University materials scientists and museum art conservators collaborated to refine a metal oxide coating that uses nanotechnology to reduce tarnish and preserve silver artworks.
Tarnish--the corrosion of highly polished silver surfaces--is a monumental problem for art collections throughout the United States and the world. The development of a long-lasting barrier coating suitable for one-of-a-kind silver artifacts would significantly reduce the cost and labor associated with maintaining and preserving silver art.

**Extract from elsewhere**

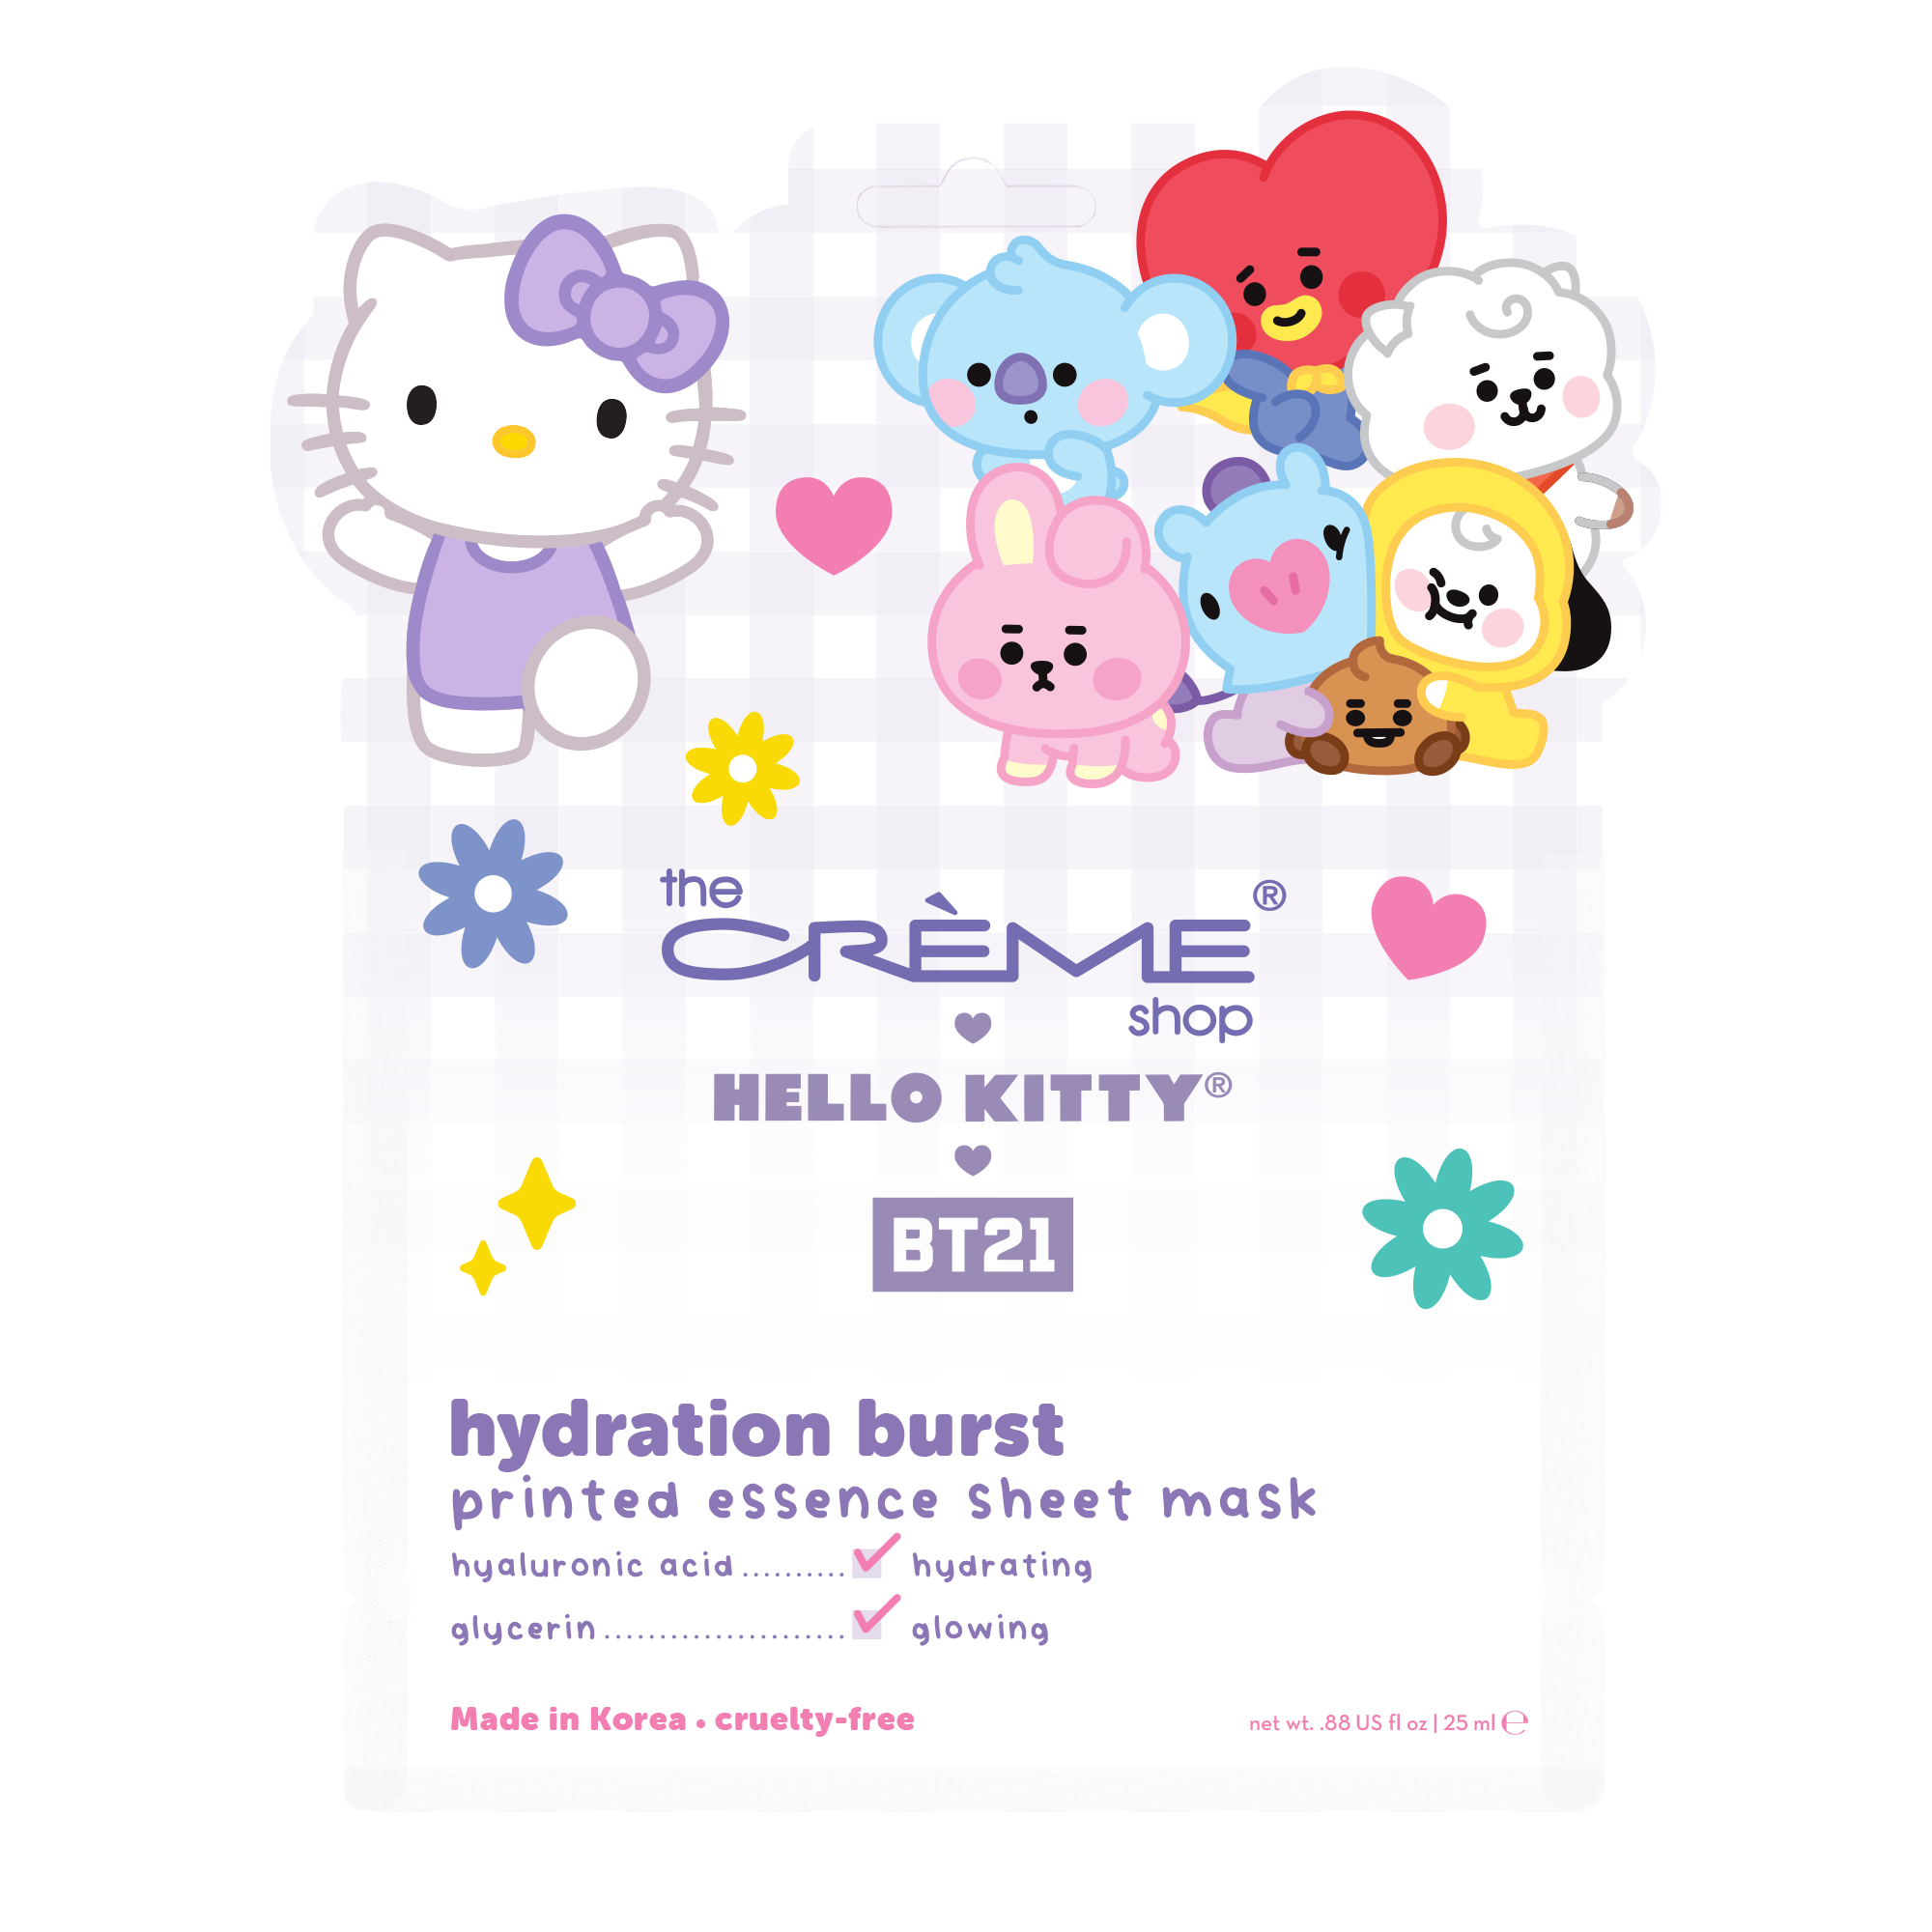 Hello Kitty & BT21 Hydration Burst Printed Essence Sheet Mask Beauty The Crème Shop   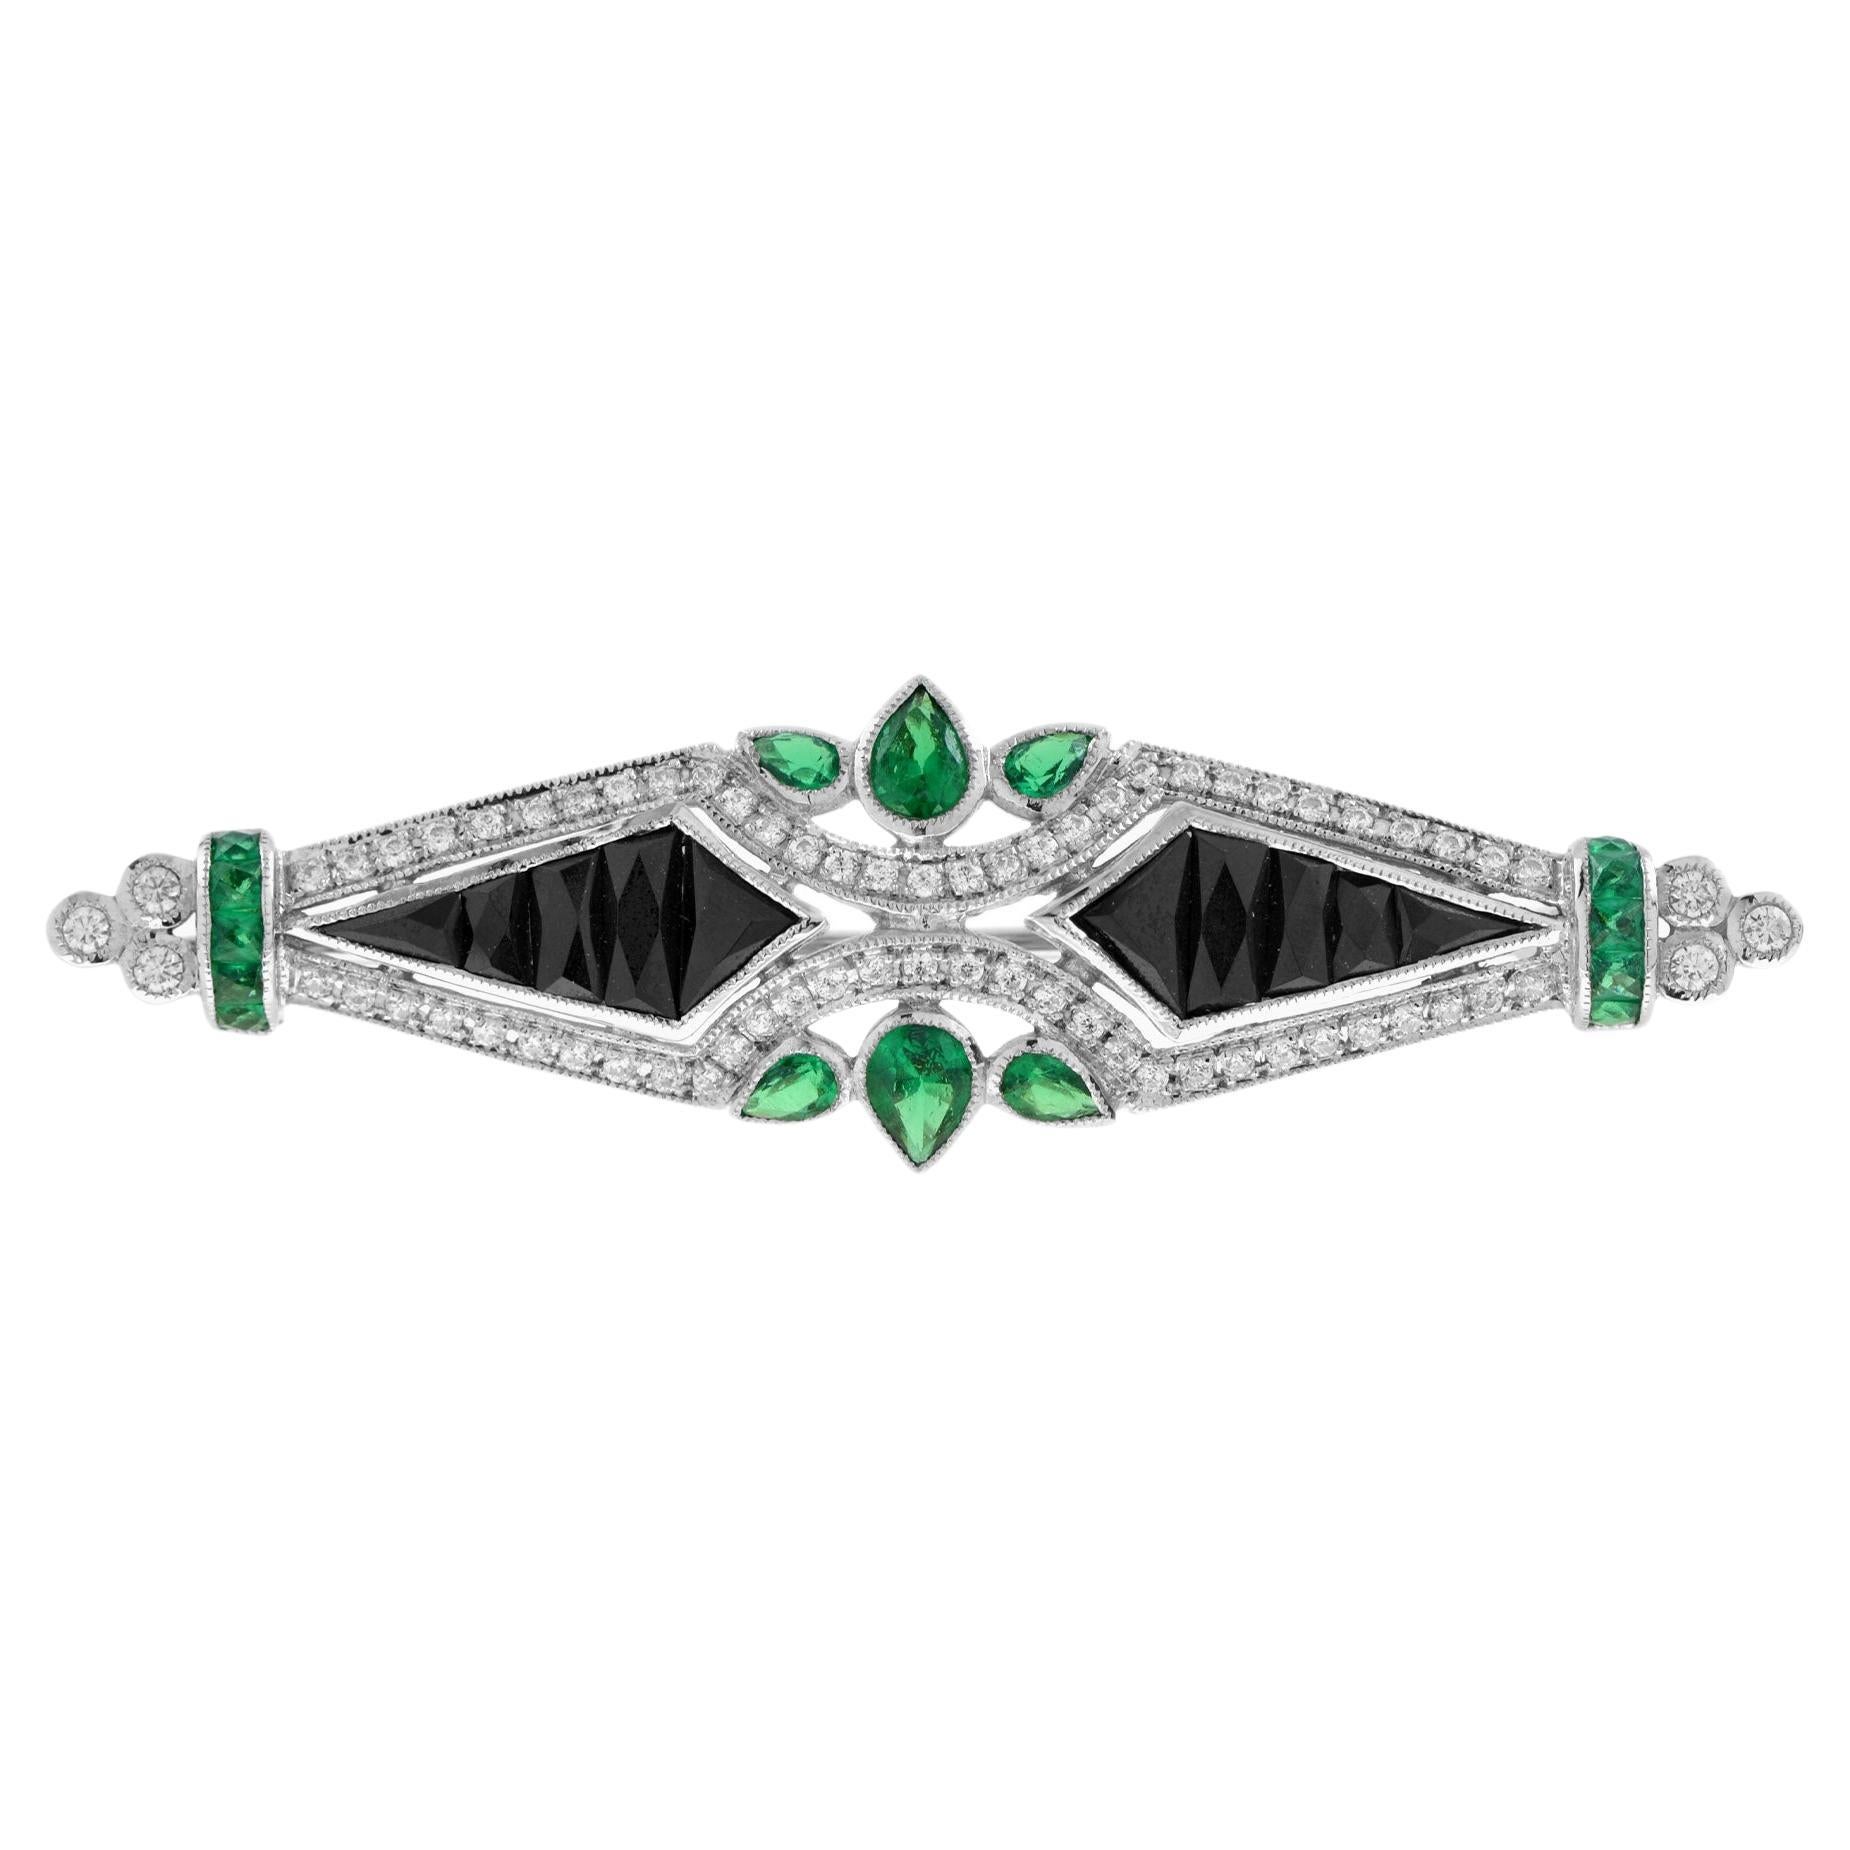 Diamond Emerald Onyx Art Deco Style Brooch in 14K White Gold

The standard practice in art conservation to reduce silver corrosion is the tedious application of a solvent-based polymeric coating (nitrocellulose) on artwork (manually applied by spraying, brushing, dipping or a combination of these techniques). Large, 3-D shapes with protrusions and irregularities such as handles, feet and lips are challenging to uniformly coat.
Additionally, polymer-based barrier coatings reduce the reaction of silver metal with tarnishing pollutants, but they only last 10 to 20 years.
Using a technique from nanotechnology called atomic layer deposition, scientists are refining an alternative preservation strategy in which they apply nanometer-thick films of metal oxide on silver to reduce corrosion. The coating's lifetime could be more than 100 years.
Next, researchers will explore whether the coating meets rigorous tests required by conservators for practical use in the art world, such as being easily transported, removed and stored.